With our tracking system now established on the image, we will move toward a more traditional evaluation by tracking players from a bird’s-eye perspective. This viewpoint enables the evaluation of key metrics, resembling total distance traveled, player speed, and court positioning trends. For instance, we could analyze whether a player incessantly targets their opponent’s backhand based on location during some extent. To perform this, we’d like to project the player coordinates from the image onto a standardized court template viewed from above, aligning the angle for spatial evaluation.
That is where homography comes into play. Homography describes the mapping between two surfaces, which, in our case, means mapping the points on our original image to an overhead court view. By identifying a couple of keypoints in the unique image — resembling line intersections on a court — we will calculate a homography matrix that translates any point to a bird’s-eye view. To create this homography matrix, we first have to discover these ‘keypoints.’ Various open-source, permissively licensed models on platforms like RoboFlow may also help detect these points, or we will label them ourselves on a reference image to make use of within the transformation.
After labeling these keypoints, the following step is to match them with corresponding points on a reference court image to generate a homography matrix. Using OpenCV, we will then create this transformation matrix with a couple of easy lines of code!
import numpy as np
import cv2# order of the points matters
source = np.array(keypoints) # (n, 2) matrix
goal = np.array(court_coords) # (n, 2) matrix
m, _ = cv2.findHomography(source, goal)
With the homography matrix in hand, we will map any point from our image onto the reference court.
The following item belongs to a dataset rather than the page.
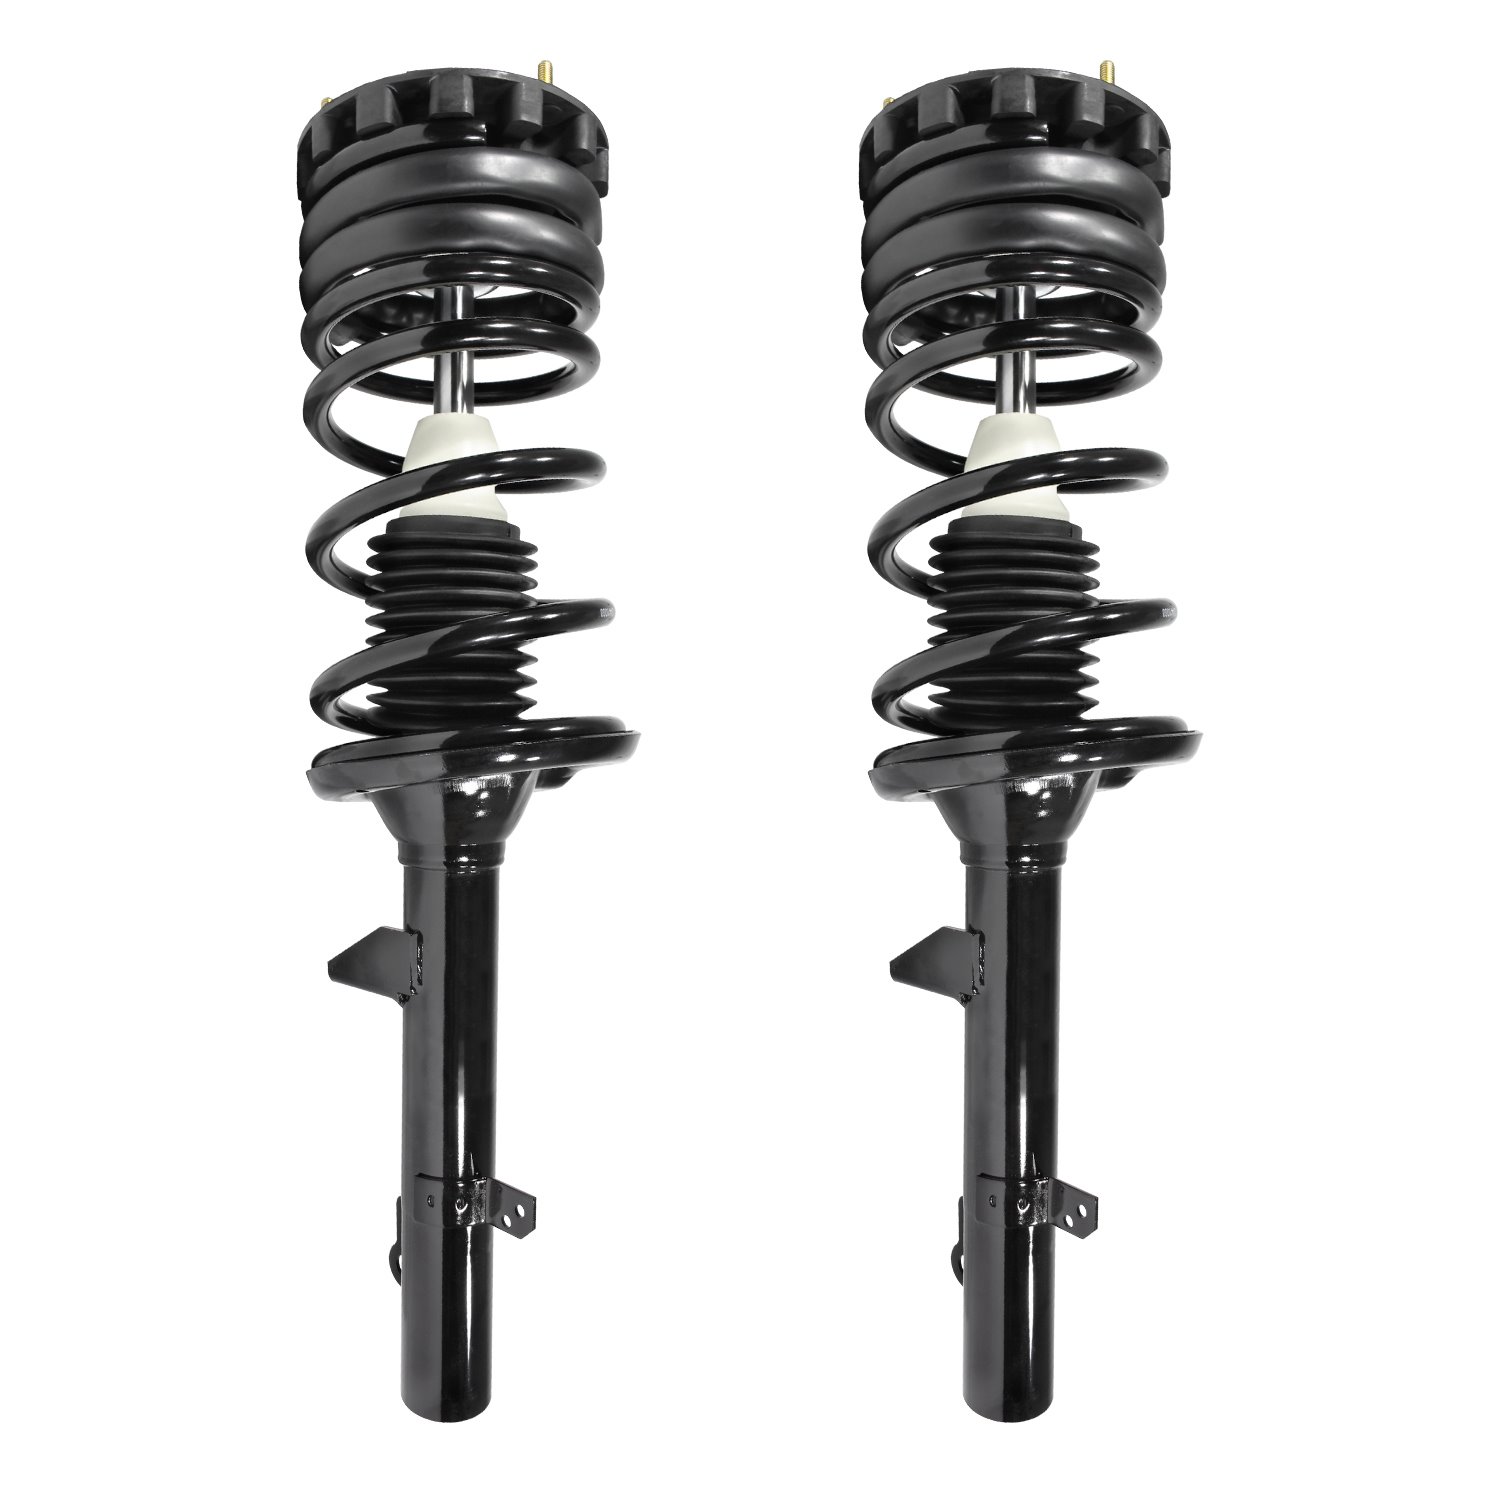 2-15040-001 Suspension Strut & Coil Spring Assembly Set Fits Select Ford Taurus, Mercury Sable

For this project, our focus is on the player’s position on the court. To find out this, we take the midpoint at the bottom of every player’s bounding box, using it as their location on the court within the bird’s-eye view.
In summary, this project demonstrates how we will use GroundingDINO’s zero-shot capabilities to trace tennis players without counting on labeled data, transforming complex object detection into actionable player tracking. By tackling key challenges — resembling distinguishing players from other on-court personnel, ensuring consistent tracking across frames, and mapping player movements to a bird’s-eye view of the court — we’ve laid the groundwork for a strong tracking pipeline all without the necessity for explicit labels.
This approach doesn’t just unlock insights like distance traveled, speed, and positioning but in addition opens the door to deeper match analytics, resembling shot targeting and strategic court coverage. With further refinement, including distilling a YOLO or RT-DETR model from GroundingDINO outputs, we could even develop a real-time tracking system that rivals existing industrial solutions, providing a robust tool for each coaching and fan engagement on the planet of tennis.